In short, we didn’t waste time complaining about it, pouting, or trying to find someone else to pass the job on to. We simply got it done. We earned the respect of one another and the rest of our staff, and our members all watched how such a situation was handled. All of our staff respects our boss because there is absolutely nothing that we are asked to do that he wouldn’t do himself. That is a huge way to earn respect.

In the workplace, like the gym, respect is earned through hard work and by treating others with the respect that you’d like to be the recipient of. There is a huge difference between having respect for someone or something and treating that someone or something with respect. You don’t have to have respect for someone to treat them with respect. Being adult enough to openly state your feelings face to face is a huge way to earn respect.

I had a coworker whom I absolutely couldn’t stand. He was the embodiment of everything that I despise in the workplace. I sat him down face to face, looked him in the eye, and said, “I don’t like you. I don’t care if you don’t like me. I’m not here to make friends. I’m here to make progress and help people who are in need of our services. Unless it has to do with our job, we have absolutely nothing to say to each other.” I got his rapt attention with this opening statement, and from there, I directly outlined our job expectations. From that day on, I had his respect because I didn’t run around behind his back telling everyone but him how I felt about him and his lack of ethic. I dealt with him directly, and I’m sure it was appreciated because we were able to coexist. Further, my coworkers saw how I handled working and coexisting with him and were impressed by my frankness. This is an example of how to earn respect by not acting like a child but instead directly addressing an issue of clashing personalities and work ethics.

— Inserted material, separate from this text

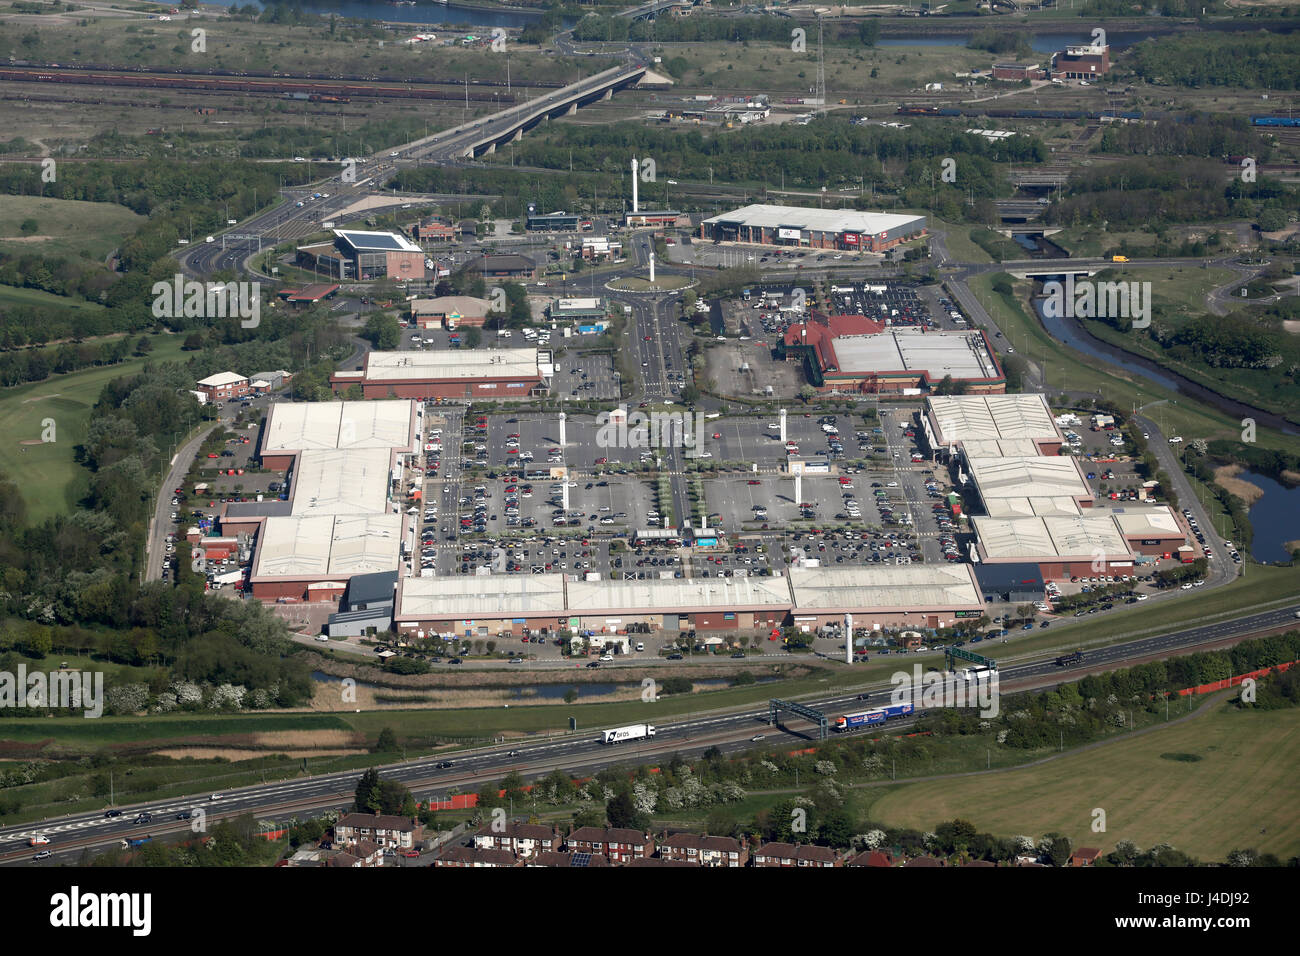 Vue aérienne de Teesside Shopping Park, Stockton on Tees, UK Banque D'Images
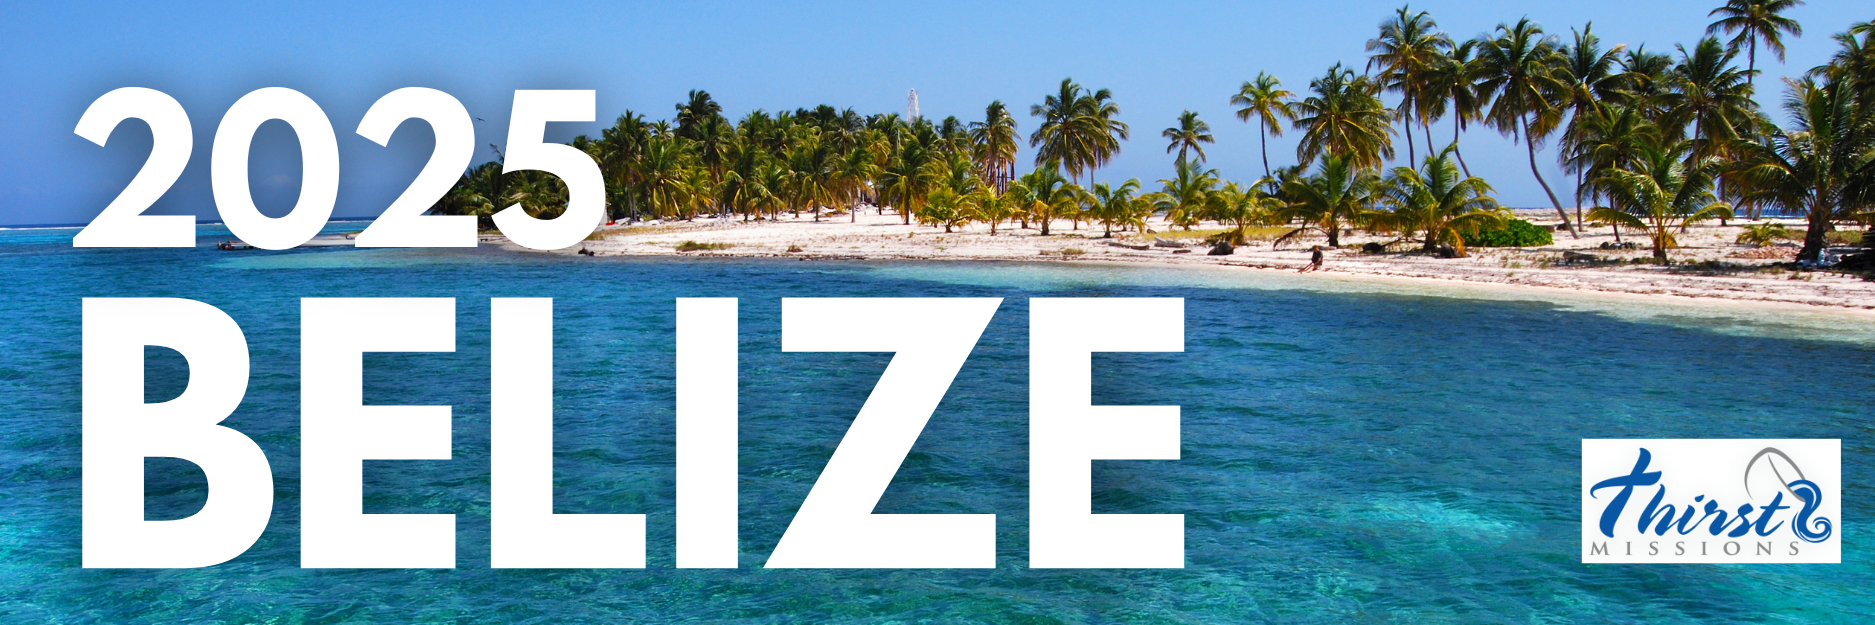 Belize 2025

Hard work and taking pride in a job well done almost seems like a lost art today. This is mostly because of the respect factor. To earn the respect of your coworkers or training partners, show up on time, quit complaining, put the needs of your group or organization above yourself, be a better listener (too many people love to listen to themselves and leave no room to hear anything that others are telling them), admit when there is something you don’t have the answer to rather than bullshit your way through it, and treat others with respect. The aforementioned is the surest way to earn respect!